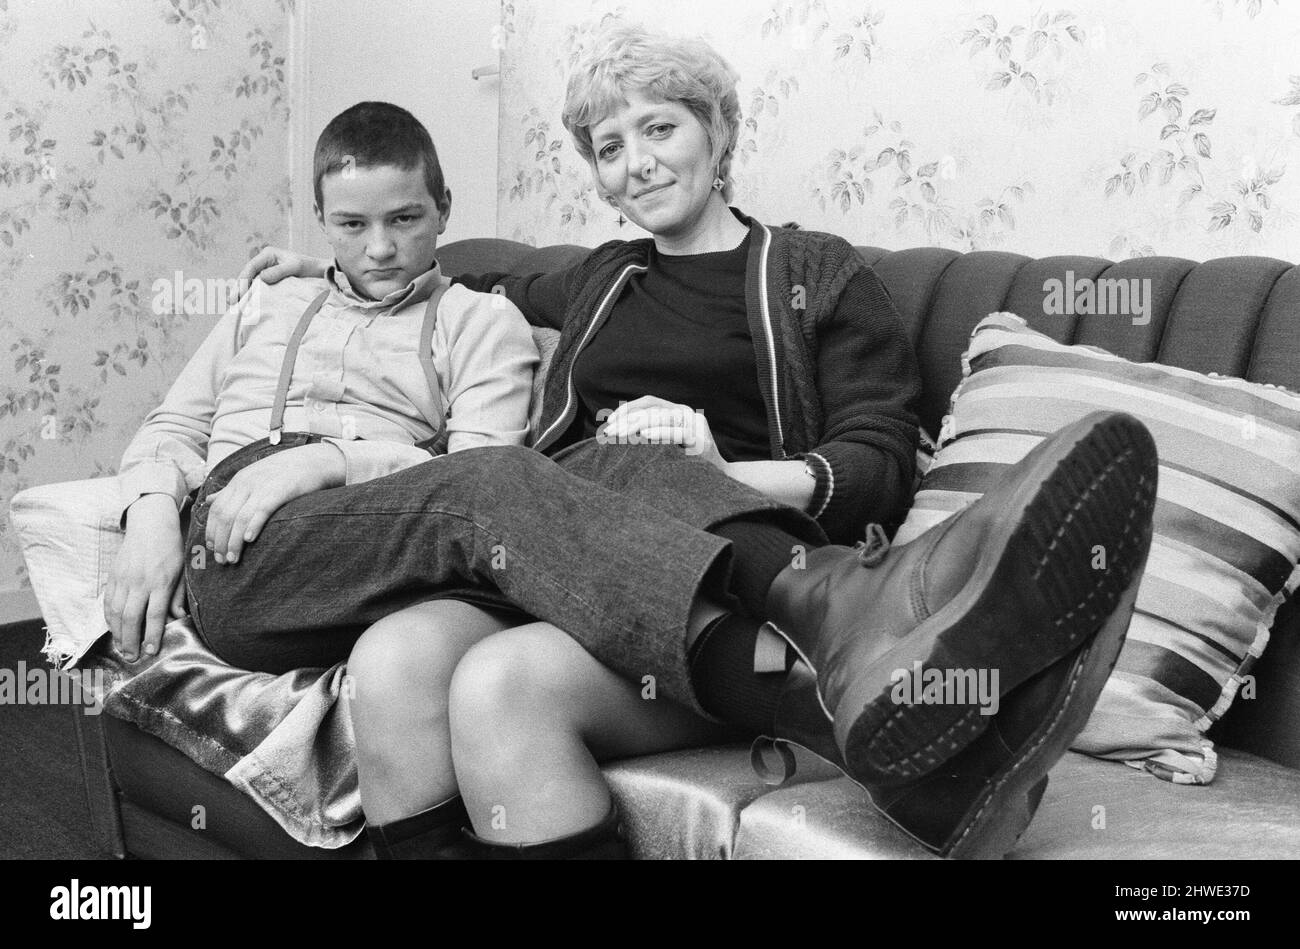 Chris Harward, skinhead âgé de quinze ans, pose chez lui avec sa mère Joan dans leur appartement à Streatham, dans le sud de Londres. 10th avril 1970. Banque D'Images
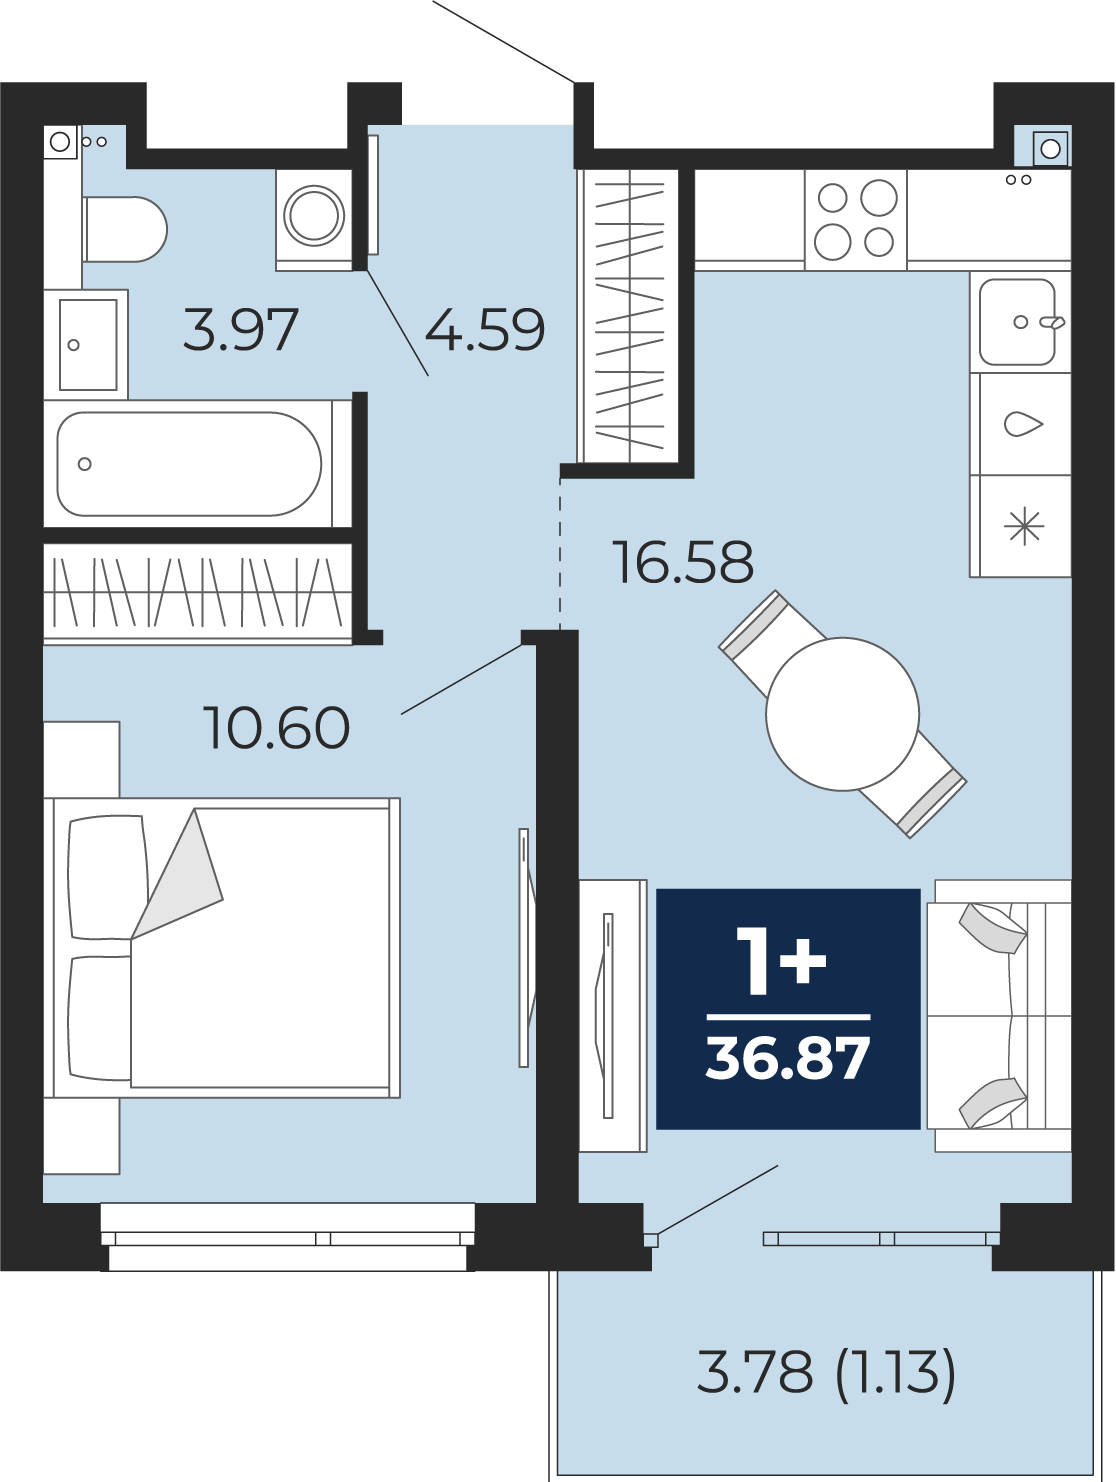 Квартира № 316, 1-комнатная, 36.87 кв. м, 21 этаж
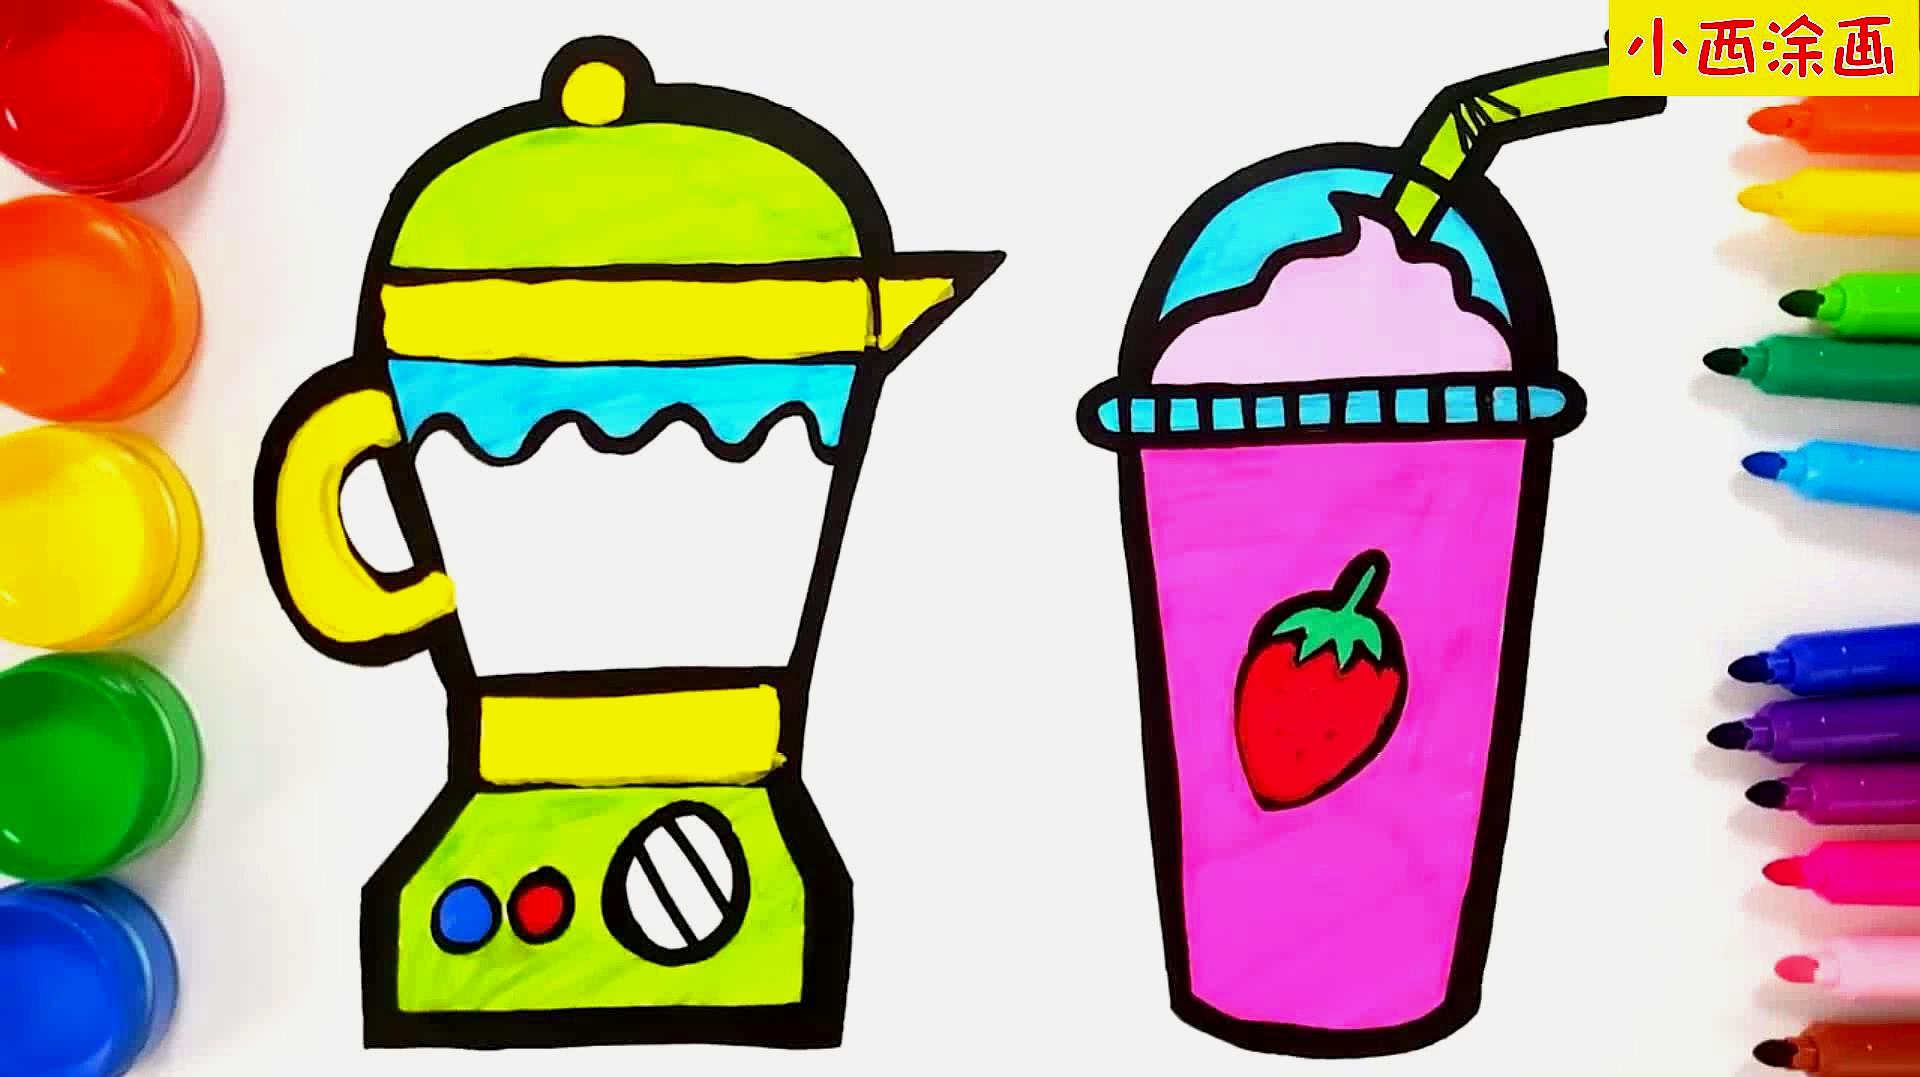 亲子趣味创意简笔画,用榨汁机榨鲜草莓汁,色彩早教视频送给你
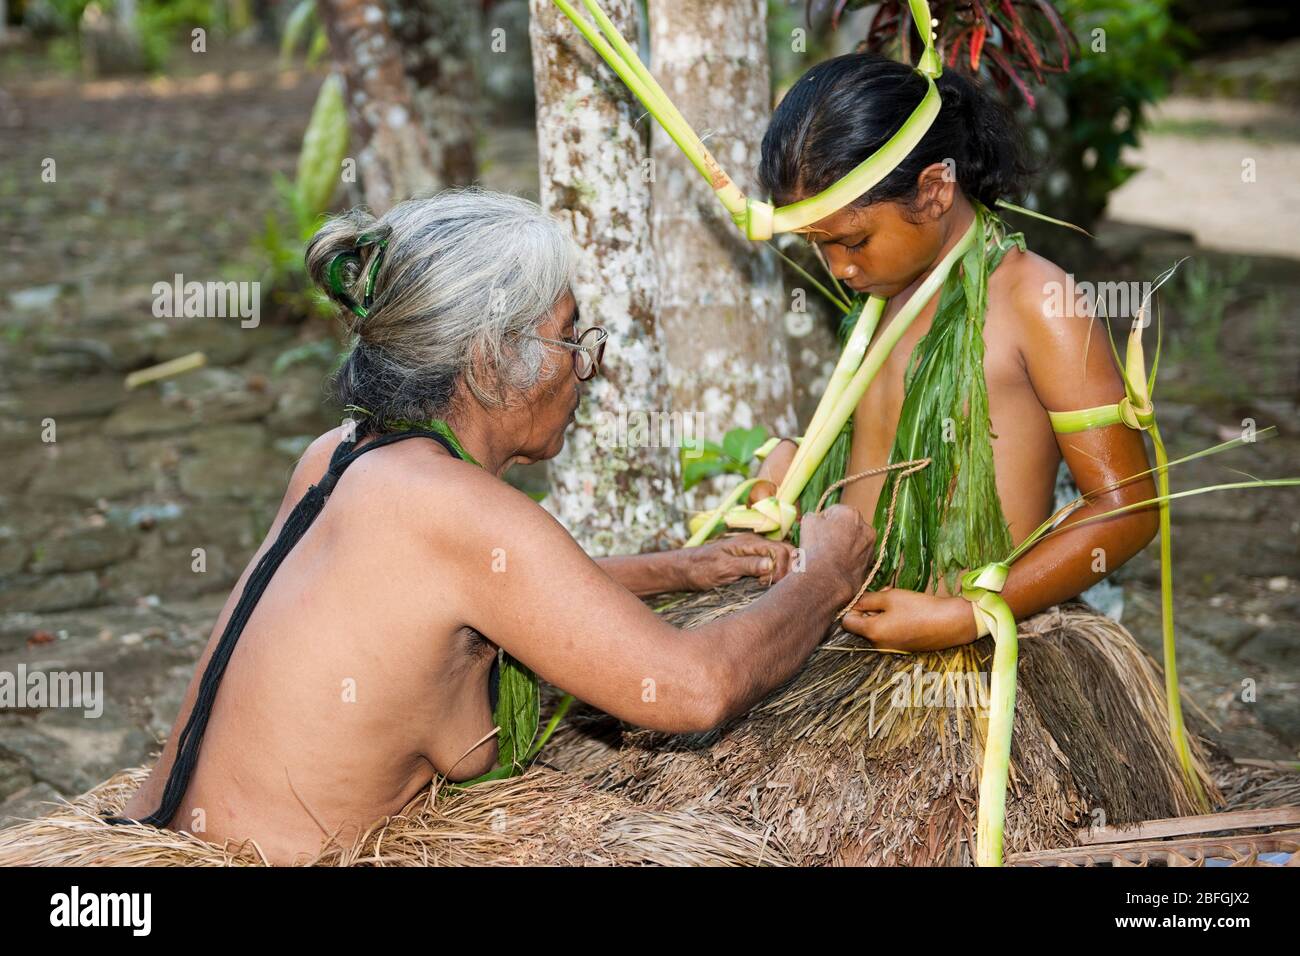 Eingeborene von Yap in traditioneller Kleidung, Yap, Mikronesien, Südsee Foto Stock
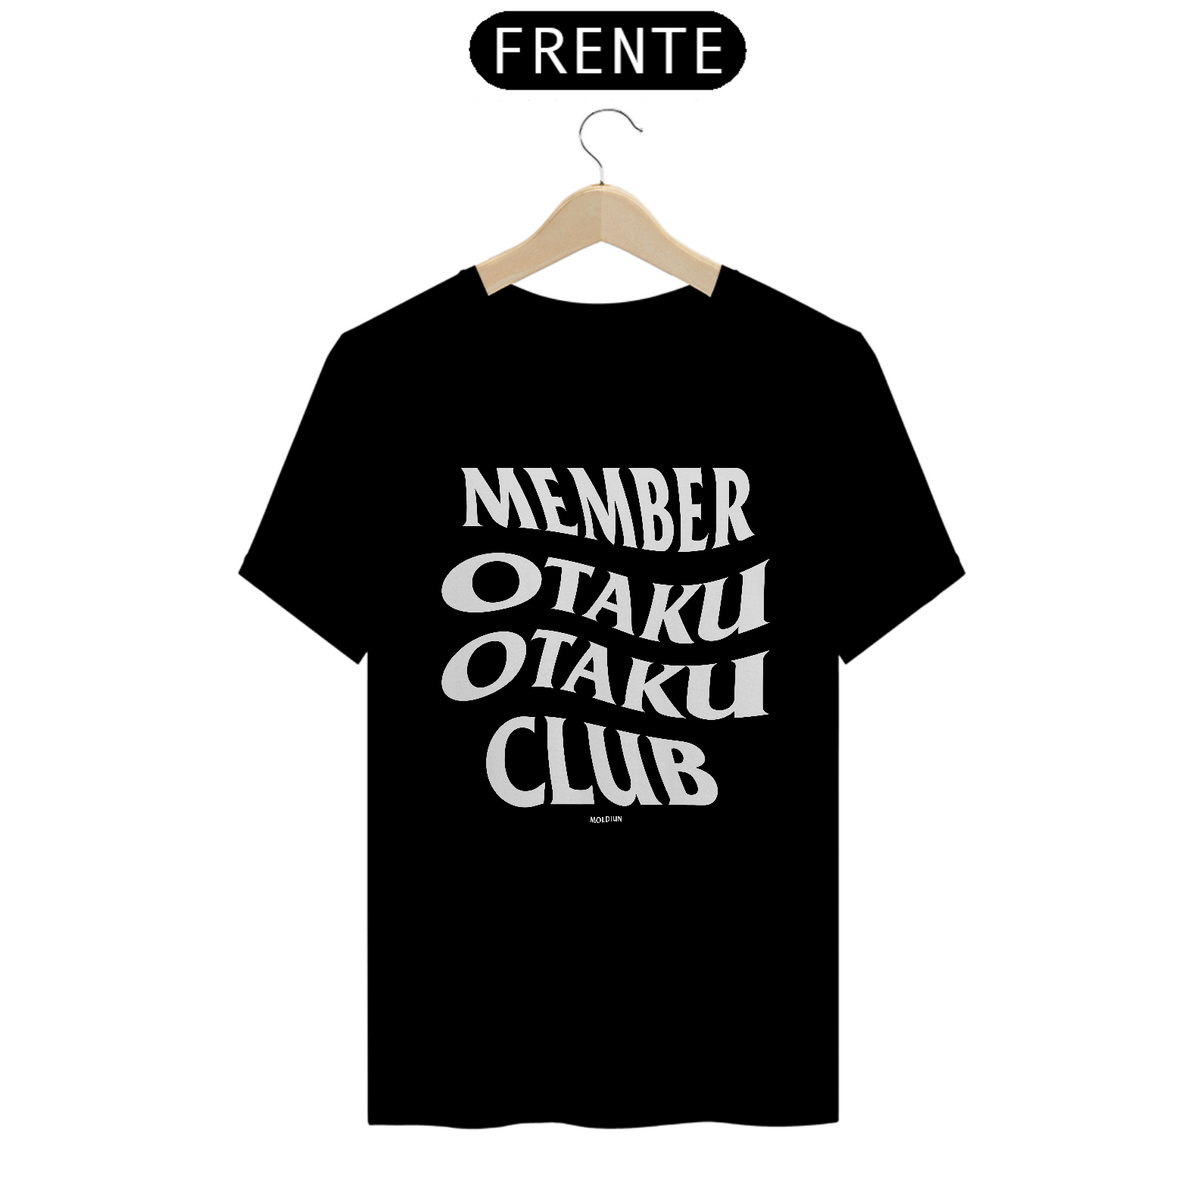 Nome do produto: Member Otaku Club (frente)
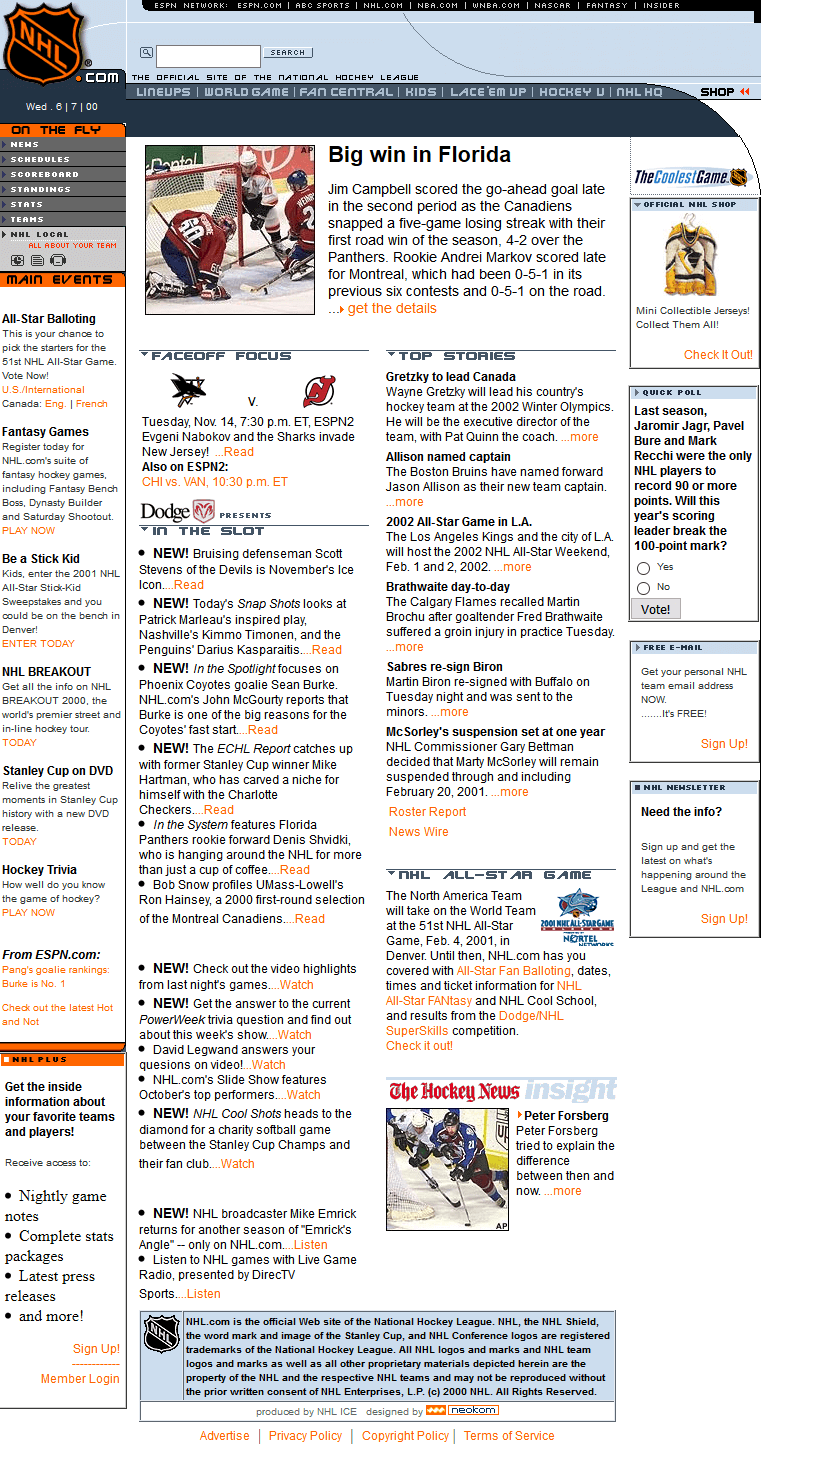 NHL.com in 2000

══════════

Brief –
Both ends included, copy the lines from the one holding "Nome do produto: Member Otaku Club (frente)" to the last line of the entries exactly, with all pictures left out.

Response to this exercise –
 Nome do produto: Member Otaku Club (frente)
 NHL.com in 2000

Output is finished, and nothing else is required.